Once that's done, we can continue from where we left off by clicking Add Integration and proceed to set up the Fleet Server:

After clicking Install, click Add. Here, provide an Integration Name and a Policy Name, then continue:

Next, on this screen, click Add Agent and choose the type of device you want to monitor. Copy the provided commands and install the agent on the desired host.

When the agent is first installed, it only has the System Integration enabled. To collect specific data, you can add integrations such as Windows depending on what you want the agent to monitor.

To give the agent EDR capabilities, go to the Agent Policy you created, click Add Integrations there, and select Elastic Defend:

Here, give it a name and click Add Integration to include it. During creation, you can choose whether it behaves like an EDR agent or only has data collection capabilities.

• If you select EDR, you'll get active responses to dangerous situations.
• If you choose Data Collection, it only generates logs.

To better demonstrate behavioral analysis, I'll install the agent with Data Collection so it won't immediately remove the malware I plan to run.

Additionally, after adding the integration, you can click the three dots next to it and select Edit Integration to further customize its settings:

Here I've set the malware protection to "Detect" mode:

I then scrolled to the very bottom and selected Elastic as the primary antivirus. These settings are entirely optional.
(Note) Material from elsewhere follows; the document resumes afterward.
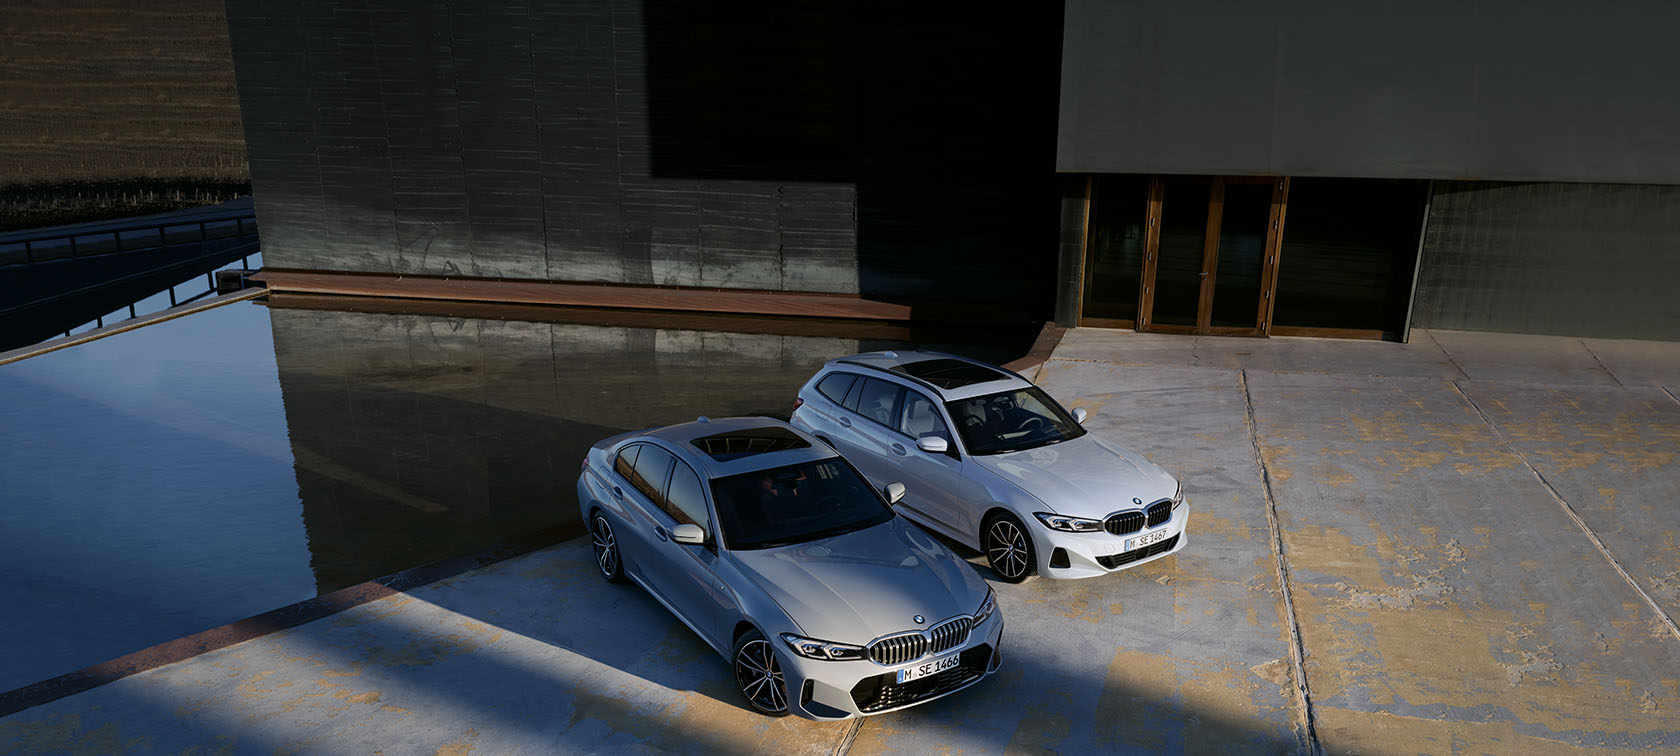 BMW X3 35d - Autotuning-Werkstatt in Crailsheim, Tuning

Now our whole setup is complete. Next, let's run a sample piece of malware and observe how it's tracked within the system. As with the initial setup, make sure your environment is isolated.

For testing, you can download any malware sample from MalwareBazaar. As you can see, after running the sample I used, Elastic generated an alert on the Windows system:

We also see that an alert has been triggered on the Kibana side:

When we click on the alert and select "Analyze event", we can view the process tree structure as shown:

From here we can obtain a wealth of detailed information about the executed file and the processes it spawned, such as timestamps, file paths, and more.

Conclusion

Thus, we've learned how to set up our ELK Security sandbox and how to perform behavioral analysis using this setup. Thank you for reading, stay well.